▶ [EXERCISE DIRECTIONS]: Every line of the data below is to be given again as it appears, with the images removed.

▶ [RECORDED INFORMATION]:
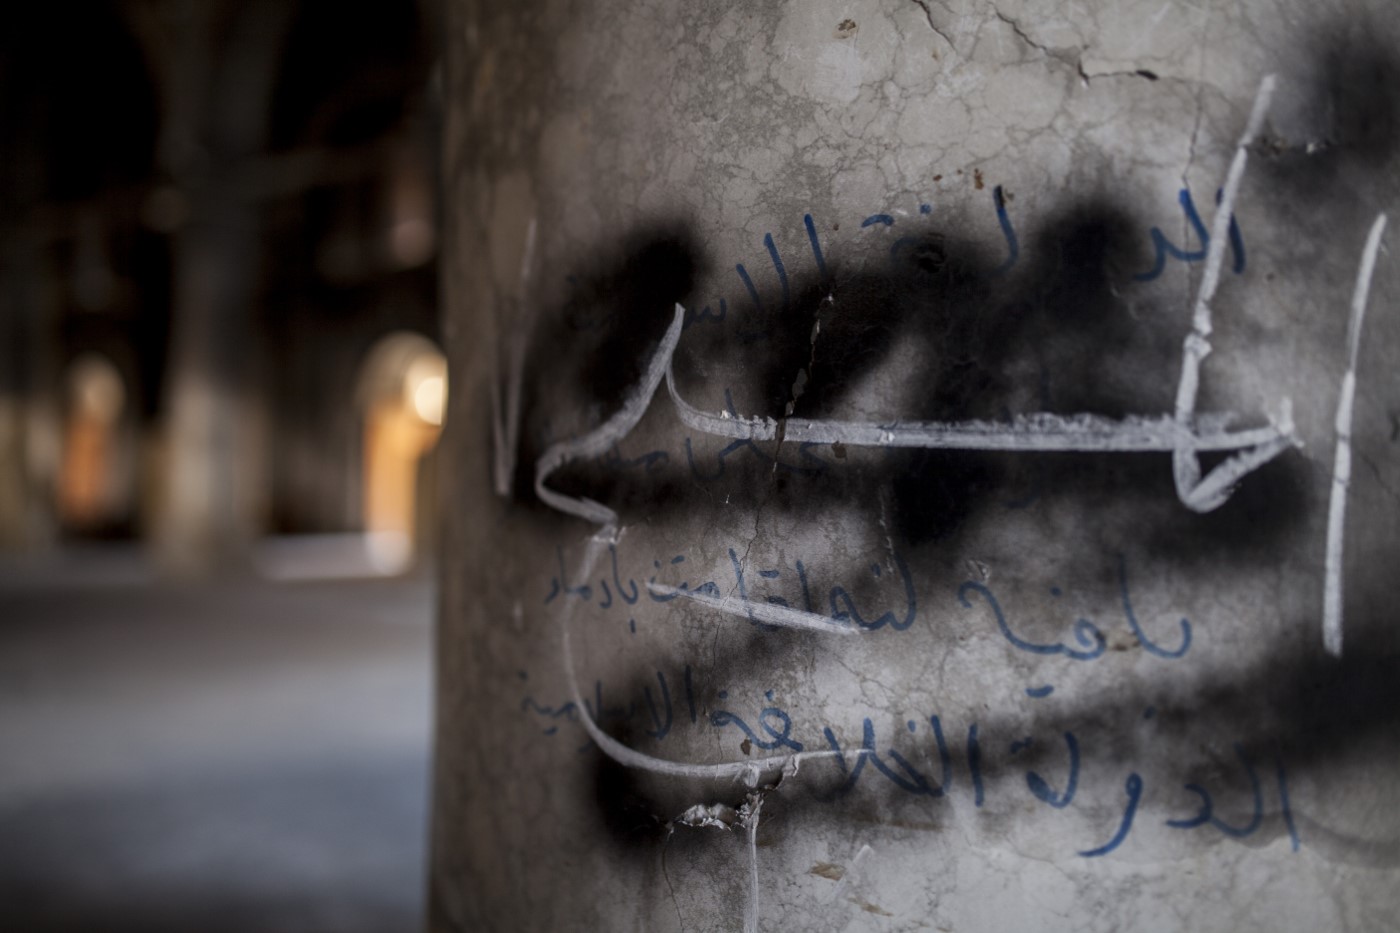 Inscripción en árabe dibujada por los miembros del EI en uno de los pilares del interior de la iglesia Kanesa Altaherea Alkbra: "(...) El Estado Islámico permanece porque tiene sangre" La iglesia fue ocupada y luego incendiada por el Daesh en 2016. Qaraqosh - Hamdania - Mosul, Irak. 17 de abril de 2017
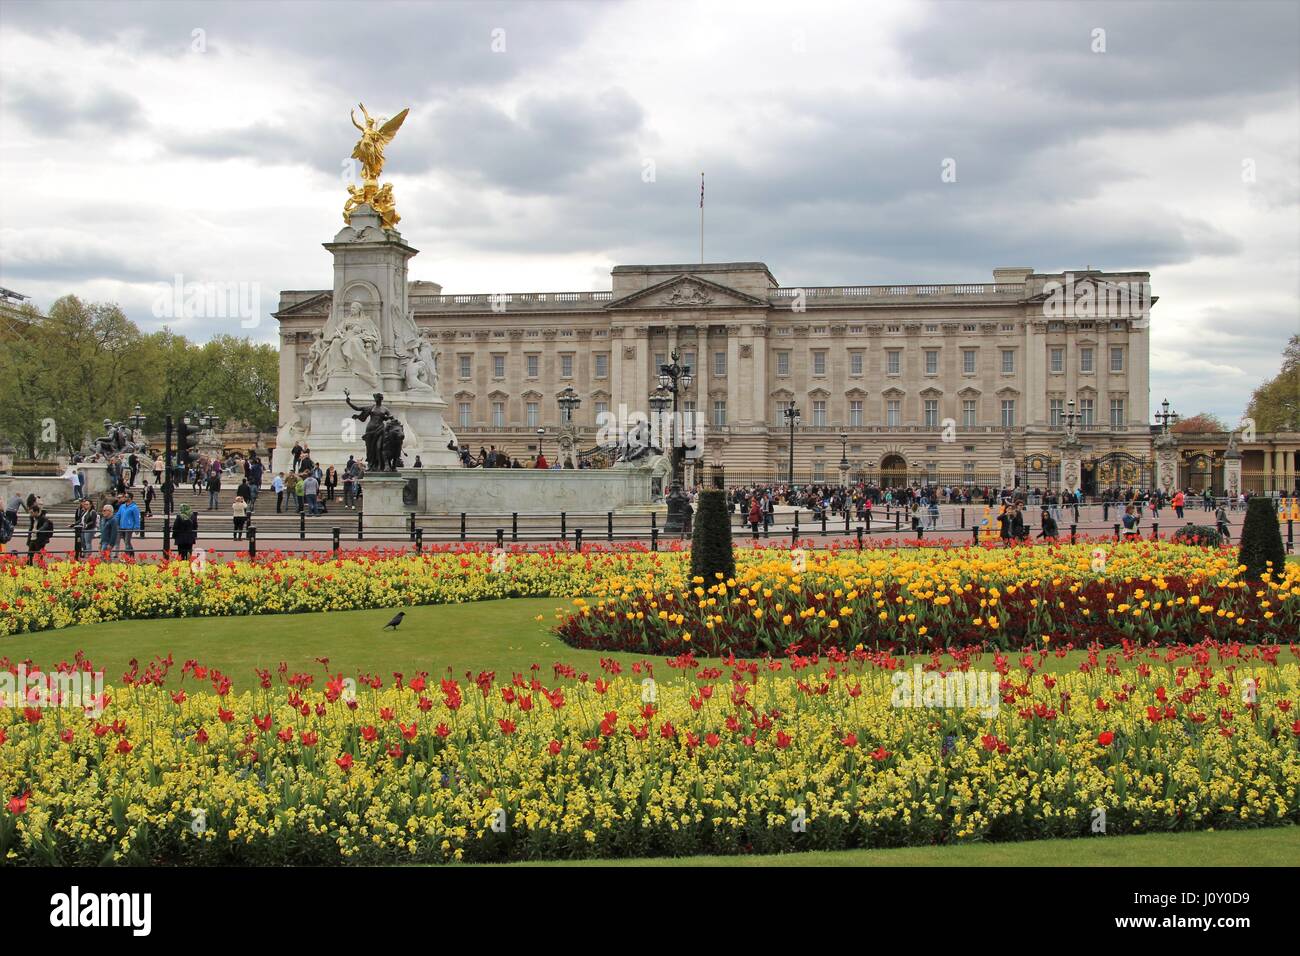 Buckingham Palace, residenza londinese della monarchia, con il memoriale della Victoria e letti di fiori Foto Stock
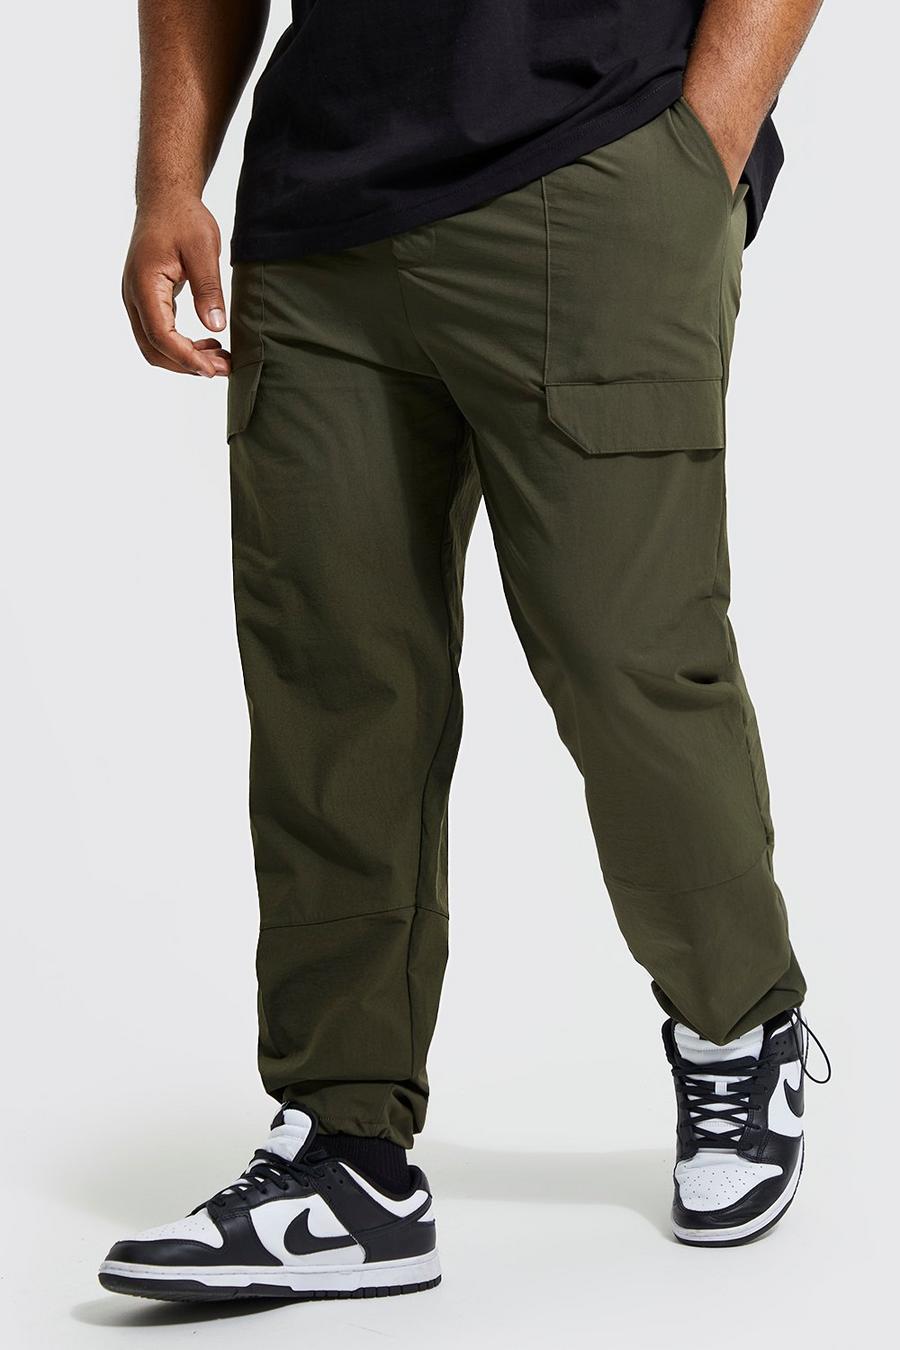 Grande taille - Pantalon coupe slim à empiècement technique - Ofcl, Olive vert
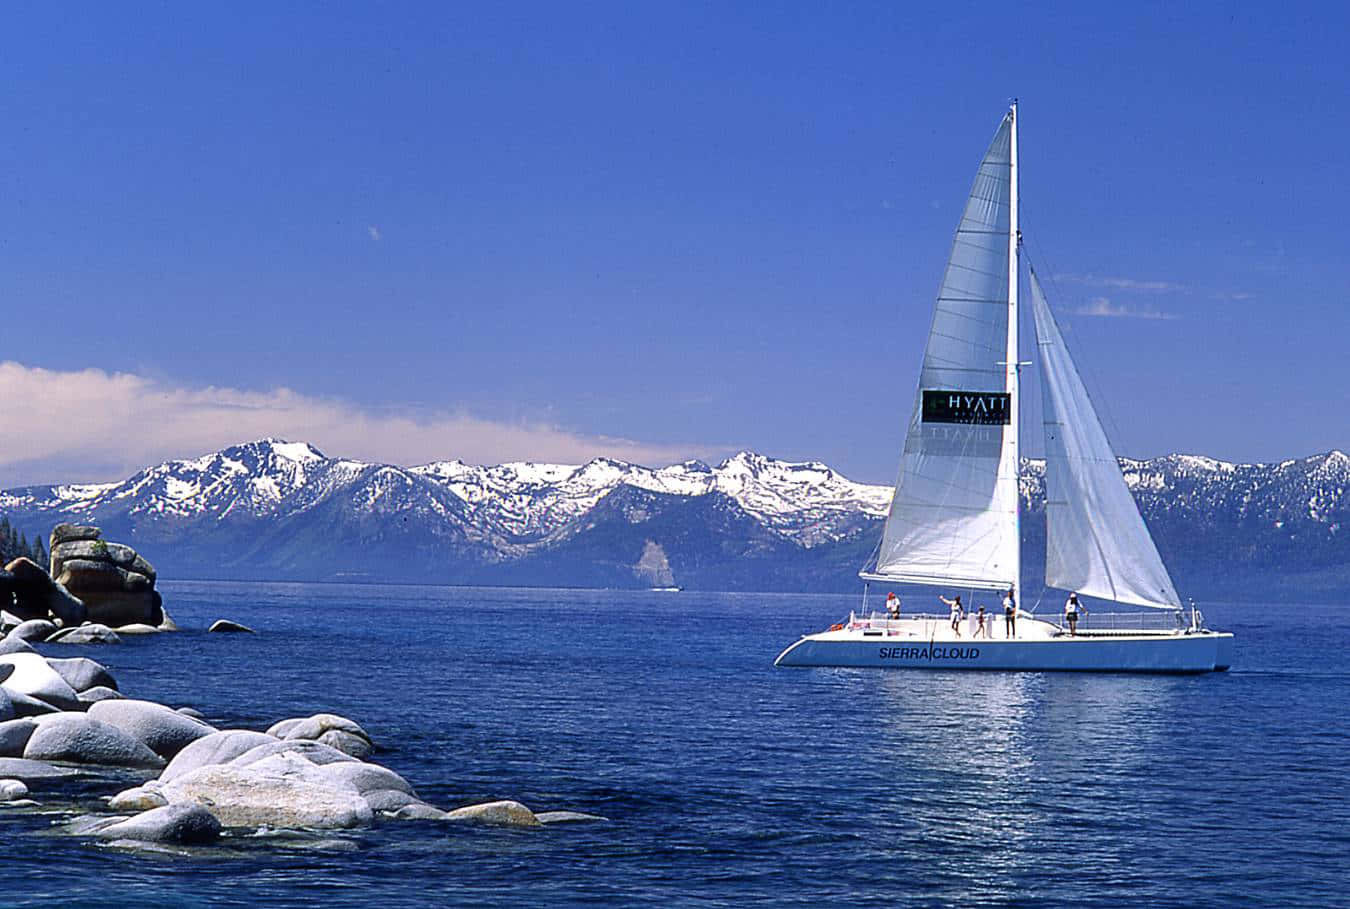 Indånd den friske luft, mens du tager en dejlig bådtur på det solplettede sø.

▶ [SOLUTION BELOW]:
 Inscripción en árabe dibujada por los miembros del EI en uno de los pilares del interior de la iglesia Kanesa Altaherea Alkbra: "(...) El Estado Islámico permanece porque tiene sangre" La iglesia fue ocupada y luego incendiada por el Daesh en 2016. Qaraqosh - Hamdania - Mosul, Irak. 17 de abril de 2017
 Buckingham Palace, residenza londinese della monarchia, con il memoriale della Victoria e letti di fiori Foto Stock
 Grande taille - Pantalon coupe slim à empiècement technique - Ofcl, Olive vert
 Indånd den friske luft, mens du tager en dejlig bådtur på det solplettede sø.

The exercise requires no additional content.